The defaults are chosen to work well in most situations:

  • Not too many experts (4): Fast training and inference
  • Not too few experts (4): Enough specialization capacity
  • Load balancing: Ensures all experts get used
  • ReLU activation: The most popular choice, works well in practice

These defaults are based on what researchers have found works best in practice. You can change any of these later if you have specific needs.

Methods

Build()

Builds the Mixture-of-Experts layer with the configured settings.

public MixtureOfExpertsLayer<T> Build()

Returns

MixtureOfExpertsLayer<T>

A configured MixtureOfExpertsLayer instance.

Remarks

This method creates all the expert networks, the routing network, and assembles them into a complete MoE layer.

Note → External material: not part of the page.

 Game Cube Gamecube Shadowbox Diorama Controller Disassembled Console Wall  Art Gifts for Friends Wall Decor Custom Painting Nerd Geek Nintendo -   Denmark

It uses the configuration specified via the builder methods, falling back to sensible defaults for any unspecified settings.

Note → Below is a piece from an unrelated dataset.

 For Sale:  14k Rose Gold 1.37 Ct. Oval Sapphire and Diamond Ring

For Beginners: Creates the actual MoE layer with all your settings.

What happens when you call Build():

  1. Creates the routing network (decides which experts to use)
  2. Creates all the expert networks with your specified architecture
  3. Connects everything together into one MoE layer
  4. Initializes all parameters with good starting values

After calling Build(), you get a complete, ready-to-use MoE layer that you can:

  • Add to your neural network architecture
  • Train with your data
  • Use for inference

Example:

var moeLayer = new MixtureOfExpertsBuilder<float>()
    .WithExperts(8)
    .WithDimensions(256, 256)
    .WithTopK(2)
    .WithLoadBalancing(true, 0.01)
    .Build();

This creates an MoE layer with 8 experts, where each input uses only the top 2 experts, and load balancing ensures all experts get used equally during training.

WithDimensions(int, int)

Sets the input and output dimensions for the MoE layer.

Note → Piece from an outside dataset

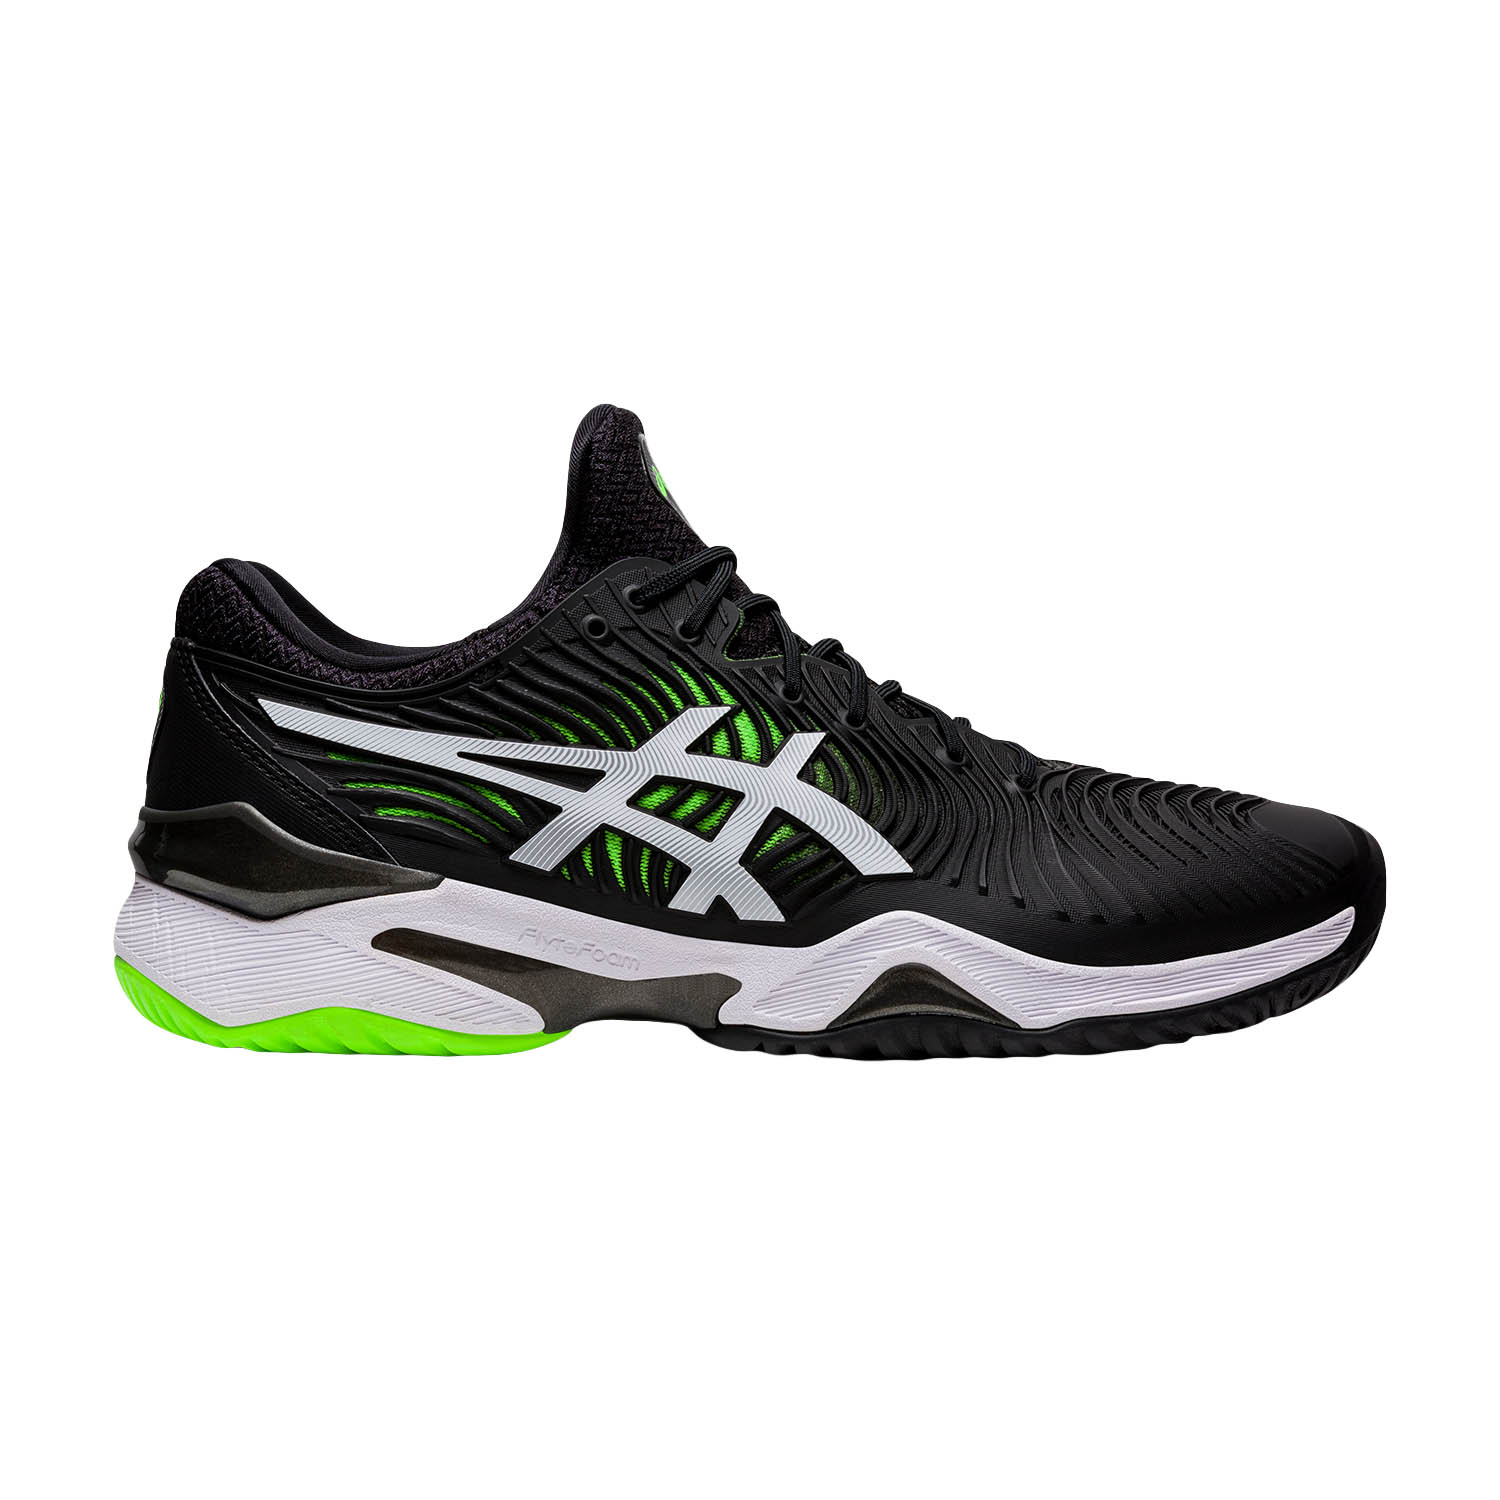 asics colorful tennis shoes

public MixtureOfExpertsBuilder<T> WithDimensions(int inputDim, int outputDim)

Parameters

inputDim int

The input dimension.

outputDim int

The output dimension.

Returns

MixtureOfExpertsBuilder<T>

This builder instance for method chaining.

Remarks

For transformer-style architectures, input and output dimensions are typically the same (residual connections). For bottleneck architectures, output might be smaller than input (dimensionality reduction). For expansion architectures, output might be larger than input (feature expansion).

For Beginners: Sets the size of data coming in and going out.

Common patterns:

  • Same size (128→128): Maintains dimensionality, easy to stack multiple MoE layers
  • Bottleneck (512→128): Compresses information, reduces computation in later layers
  • Expansion (128→512): Expands features, increases representational capacity

Most transformer-based models use the same input and output dimensions, which makes it easy to stack many MoE layers together.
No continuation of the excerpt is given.